Adaptive Neuro-Fuzzy Inference System for Modeling the Influence of Process Parameters on Pulsed Electrochemical Machining of AISI-1018 Steel
摘要
The constant technological progress in the metal-mechanical sector and the growing demand for the manufacturing of high-strength materials with complex morphologies have driven the development of non-traditional methods to make the production of metal components more efficient.

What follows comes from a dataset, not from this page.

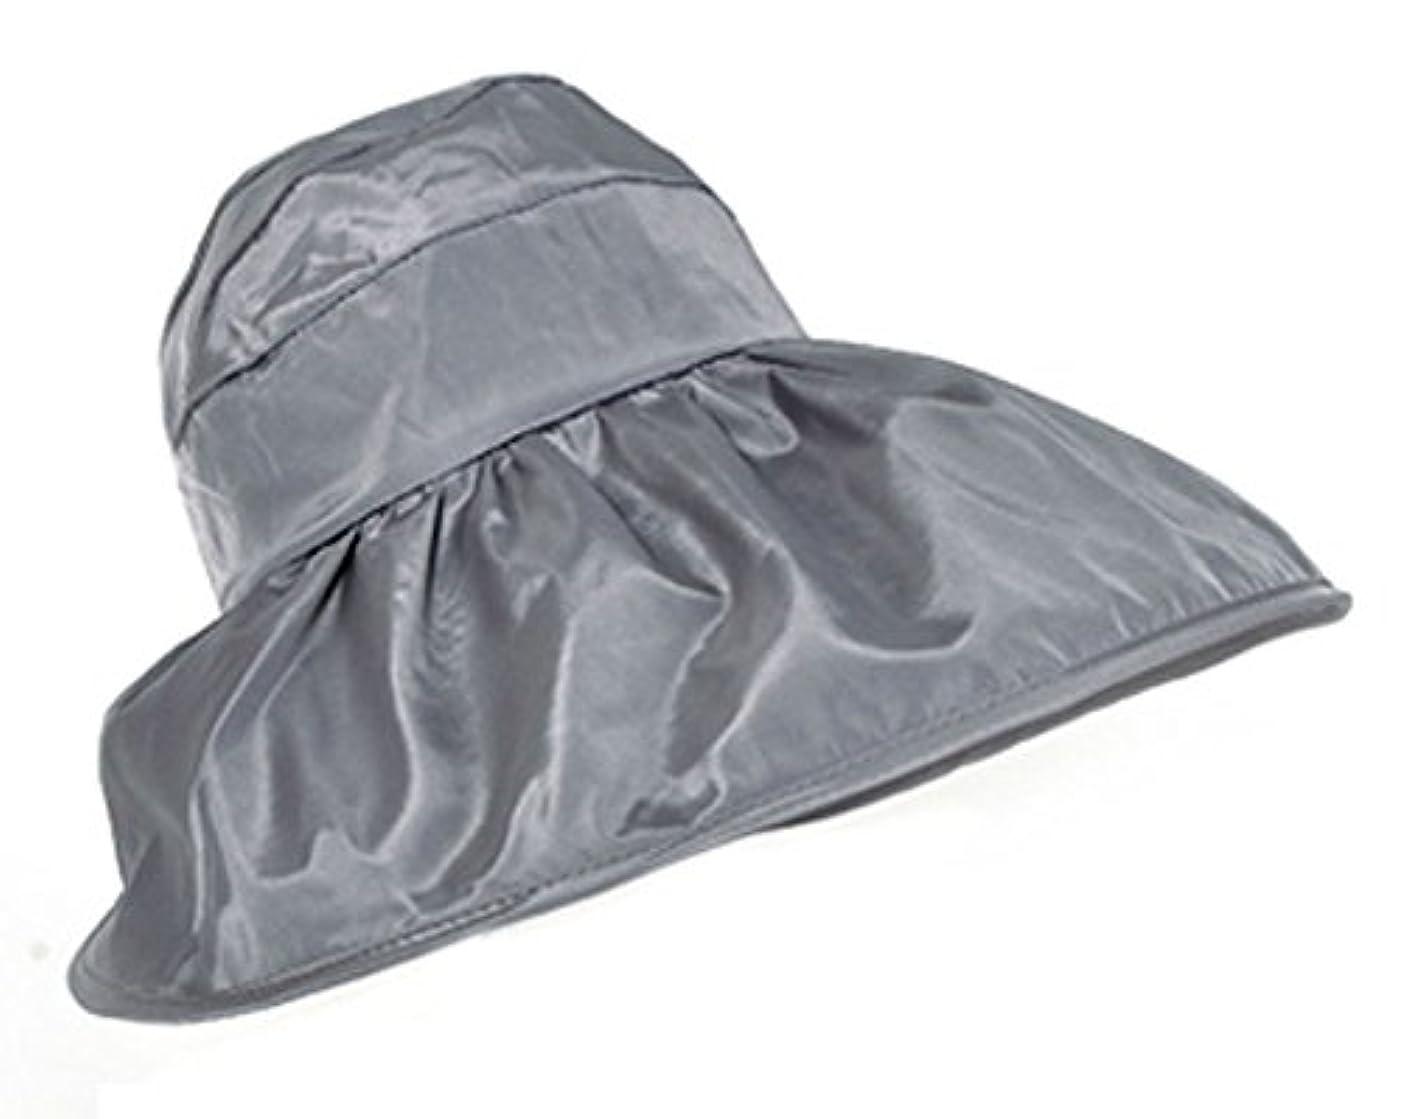 香りスキャンダラス居心地の良いFakeFace 夏 レディース 帽子 UVカット サンバイザー 紫外線対策 日よけ帽子 つば広 オシャレ ケープ ハット 日よけ 折りたたみ 防水 カジュアル 海 農作業 ぼうし サイズ調節可

Pulsed Electrochemical Machining (PECM) is a non-conventional technique that allows metal removal on numerous materials. This method uses the electrolysis process, so it is capable of machining without generating heat, chips, or tool wear, making it an exceptional technique with applications in sectors such as aerospace, medical, and tool manufacturing. However, understanding its operation is challenging due to the chemical and electrical principles involved. In this sense, the present research develops an adaptive neuro-fuzzy inference system (ANFIS) optimized with a genetic algorithm to model the material removal rate (MRR) and overcut (OC) using the process parameters with the highest correlation to the variables of the study. The model was trained in a supervised manner using a data set based on machining with AISI-1018 steel. After optimization, a coefficient of determination R2 of 0.94 for OC and 0.92 for MRR was obtained. Finally, the repeatability of these results is validated by obtaining a coefficient of variation of 4.8%, demonstrating precision and higher performance when ANFIS is tuned using a stochastic method, as opposed to when it is tuned using gradient descent-based techniques.